The two men glared despite their gags, trying to scream curses, but only muffled noises came out — thin things laden with hatred.

Then the rope slipped.

The iron blade fell like unseen lightning and cut both heads clean in one motion, without sound or hesitation.

The first head rolled into the left basket; the second into the right. A hush fell over the square as if time itself had stopped.

Risha covered her eyes quickly, unable to bear the sight. Though she was hardened in the field, this raw cruelty was harder than she had expected.

Noticing her distress, Niral left the group quietly and returned with a small cup of warm brew sweetened with honey and fruit. He handed it to her without a word and offered only a silent smile.
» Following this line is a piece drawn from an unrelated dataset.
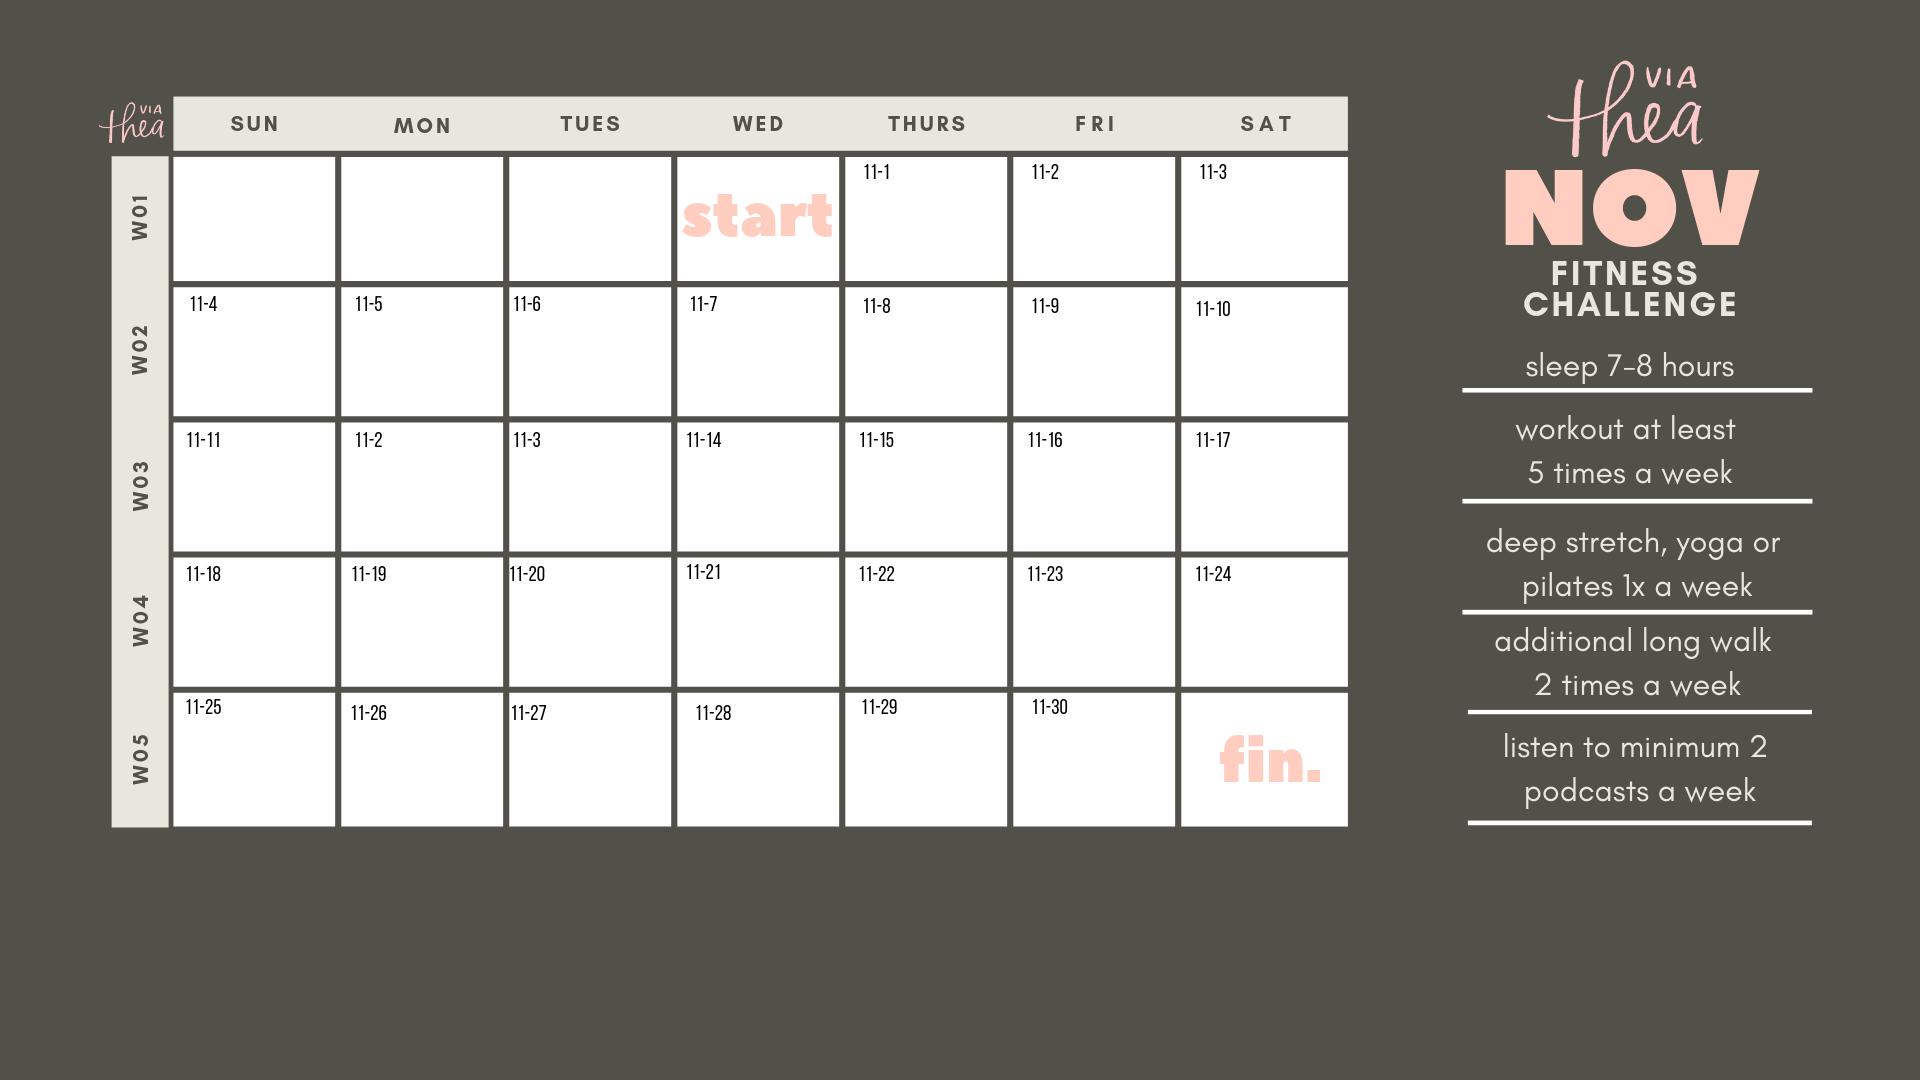 via Thea November 2018 Goal Setting calendar

On the walk back to the guildhall Lucas broke the silence, his tone edged with a question that had not been digested: "Why did they list our case among those two's crimes? We never went to file a complaint against them!"

Daniel nodded; he had been thinking the same thing. They all slowed their pace, waiting for an answer.

Niral spoke after a moment's pause, "Didn't Risha say one of those mercenaries saw you with the others when you fled? Maybe one of those captured mercenaries spilled the truth after they were caught."

Malik nodded in agreement. "Yes… that's plausible."

Daniel looked up at the sky. "It's also possible they confessed under torture… but who captured them in the first place?"

Niral sighed softly, watching their faces as if weighing answers in his heart. "Yes… that is possible too."